Борн на это только кивнул и сказал:
— Да, так ее называли.
— А какого цвета у нее были волосы? — спросил Шенц.
— Каштановые или светлые, а может, рыжеватые, — сказал старик. Он медленно поднял руку — поиграть с одной из пуговиц своего потертого смокинга. — Все это заперто теперь на складе.
Вид у него стал печальный, словно воспоминания приносили ему боль. Мне стало жаль старика, и я спросил:
— Вы хотите сказать, что это остается в вашей памяти?
Он повернулся и посмотрел на меня сквозь свои толстые линзы.
— Нет, — сказал он, — на складе. Оссиак, перед тем как покончить самоубийством, стал собирать остатки своего богатства и купил для этого склад. Он не хотел, чтобы его кредиторы получили все. К этому времени он сам слегка свихнулся и мечтал о том, чтобы возродить свою империю из пепла. Мои инструменты, образцы, записки — все это отобрали у меня и заперли. У бедняги Лонделла, когда унесли его драгоценное оборудование и данные исследований, случился удар. Ох и тяжелые то были дни.
— И видимо, все эти вещи потом пропали, — сказал Шенц.

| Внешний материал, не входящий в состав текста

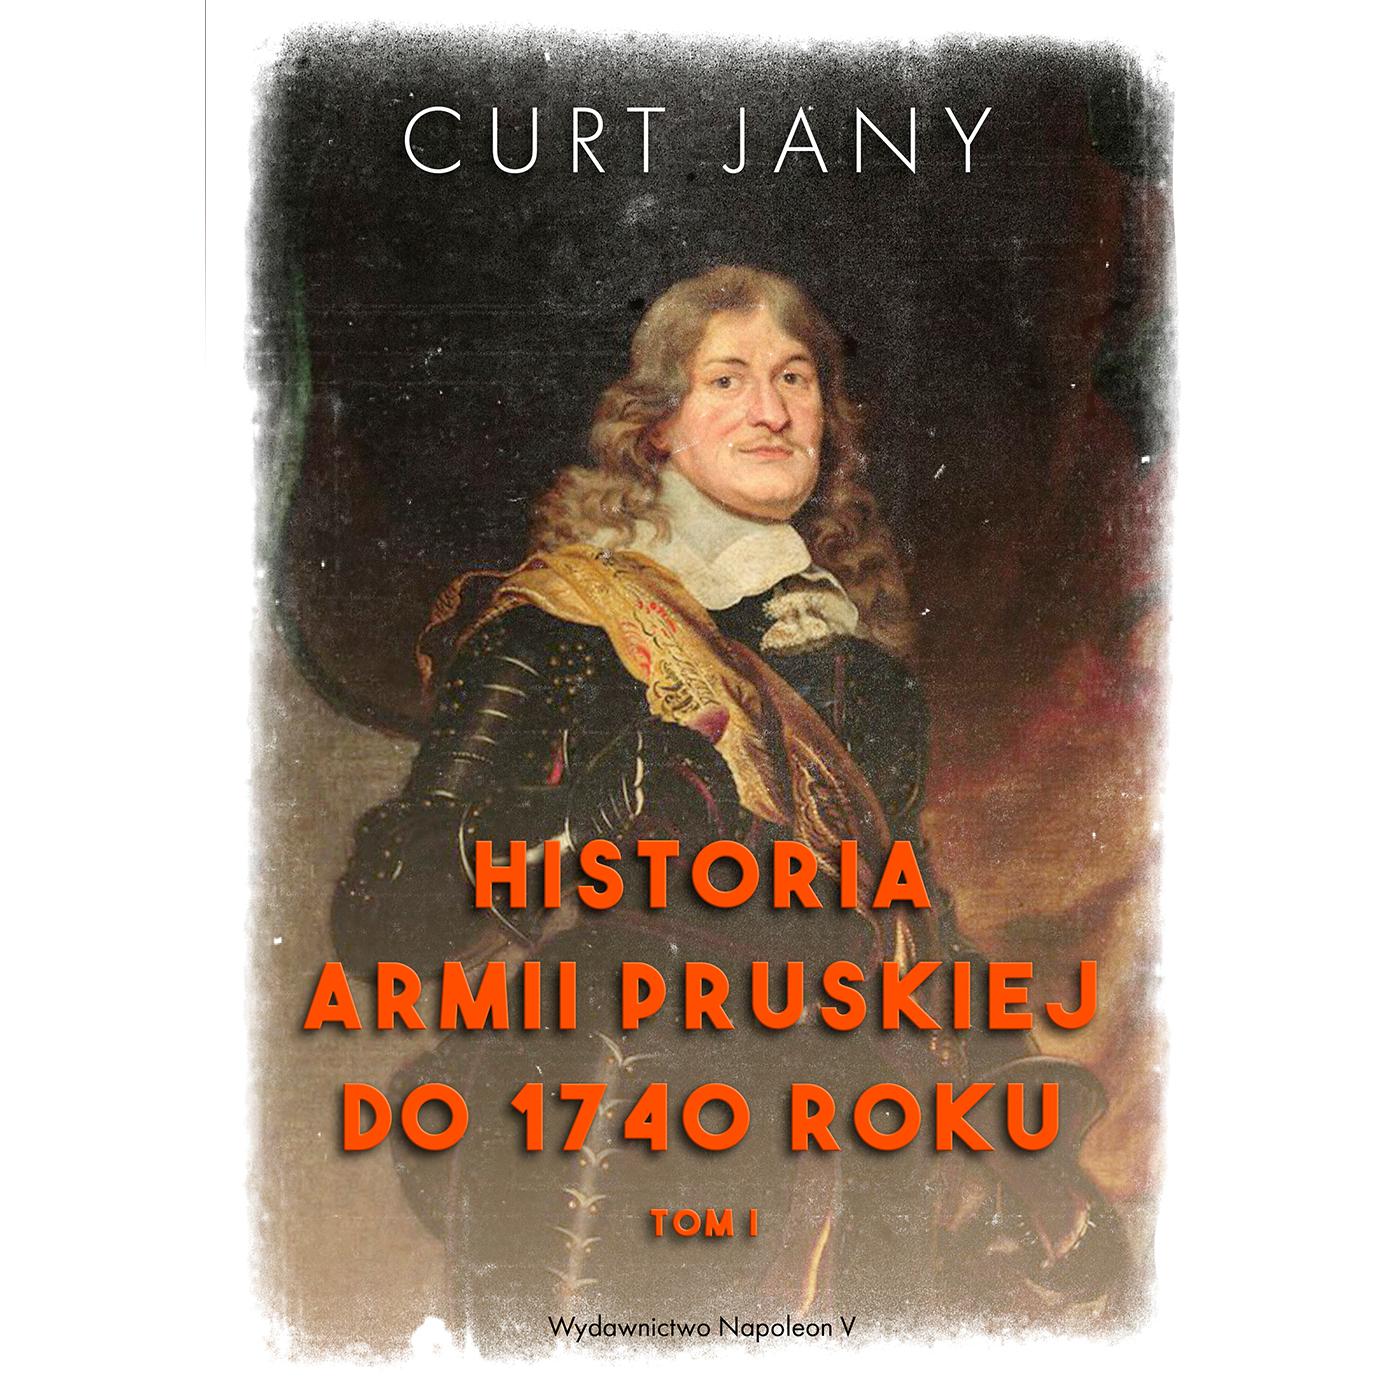 Historia armii pruskiej do 1740 roku. Tom I
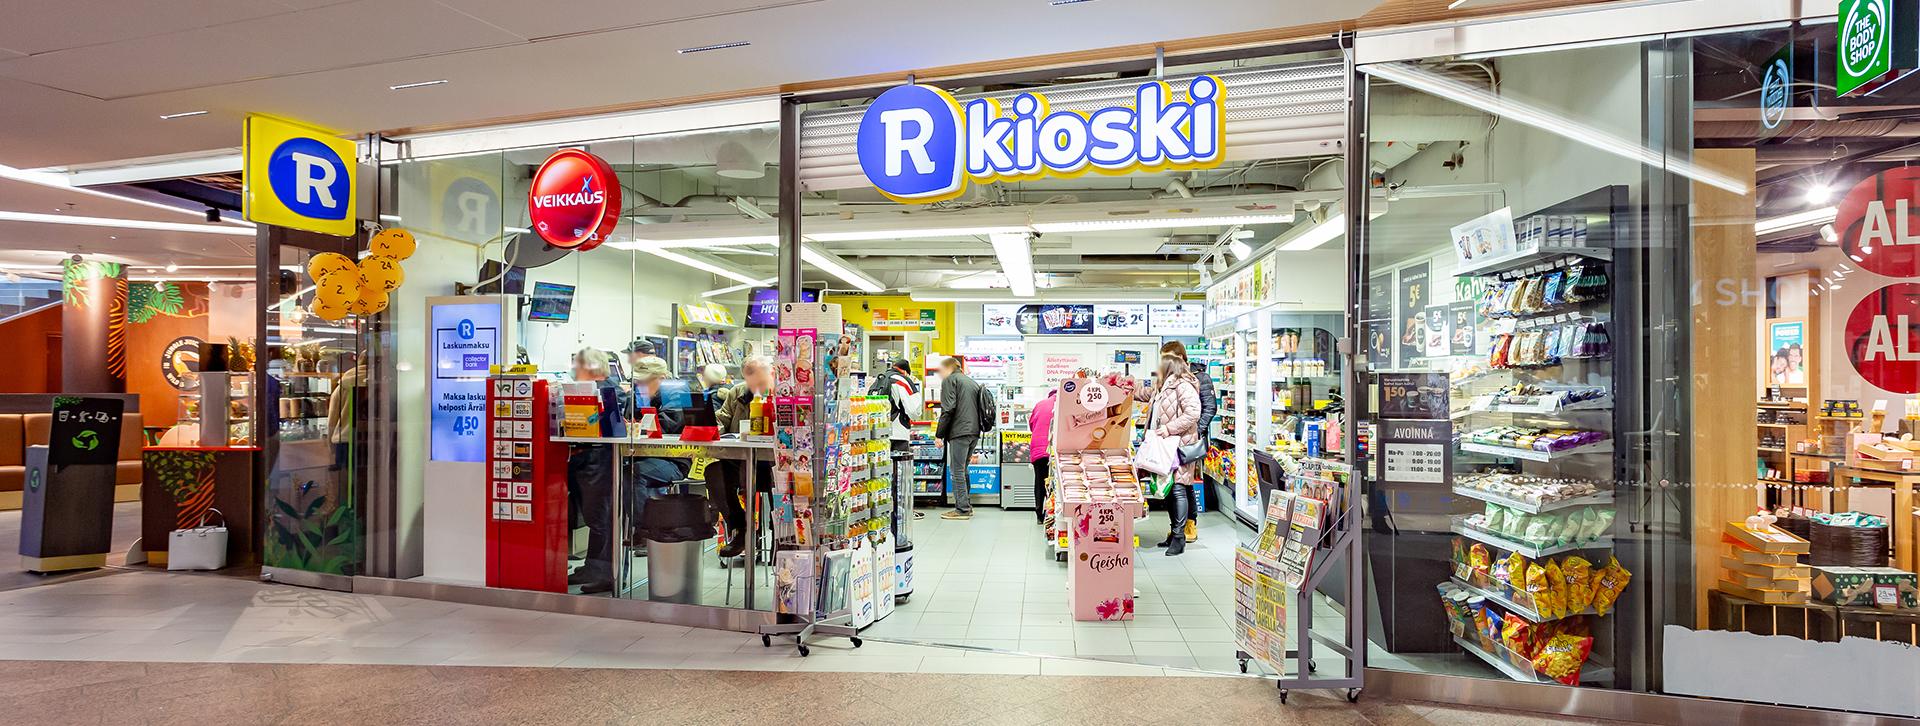 R Kioski Kivistö

— Нет, — ответил Борн. — Они все еще там. Я знаю. Я пошел следом за теми, кто их взял. Я в точности знаю, где они.
— И где же?
— Вы знаете этих фармацевтов на Фултон-стрит — у них еще такое большое здание. «Братья Фейрчайлд», кажется. Угол Фултон-стрит и Голд-стрит. Они наверняка никуда не делись. А за углом, ближе к воде, стоит старое одноэтажное здание кирпичного склада. На фасаде белой краской выведена буква «О». Она теперь, наверно, сильно повыцвела. И все это там — обломки былого величия.
И именно в этот момент явился Каландер, продемонстрировав еще более раздражающую пунктуальность, чем Уоткин. У меня была еще тысяча вопросов к мистеру Борну, но задать их я не смог. Старик снова пожал нам руки, и нас выпроводили из комнаты. Перед тем как дверь закрылась, Борн прокричал нам:
— Помните, джентльмены, чтобы идти вперед, сначала нужно оглянуться назад.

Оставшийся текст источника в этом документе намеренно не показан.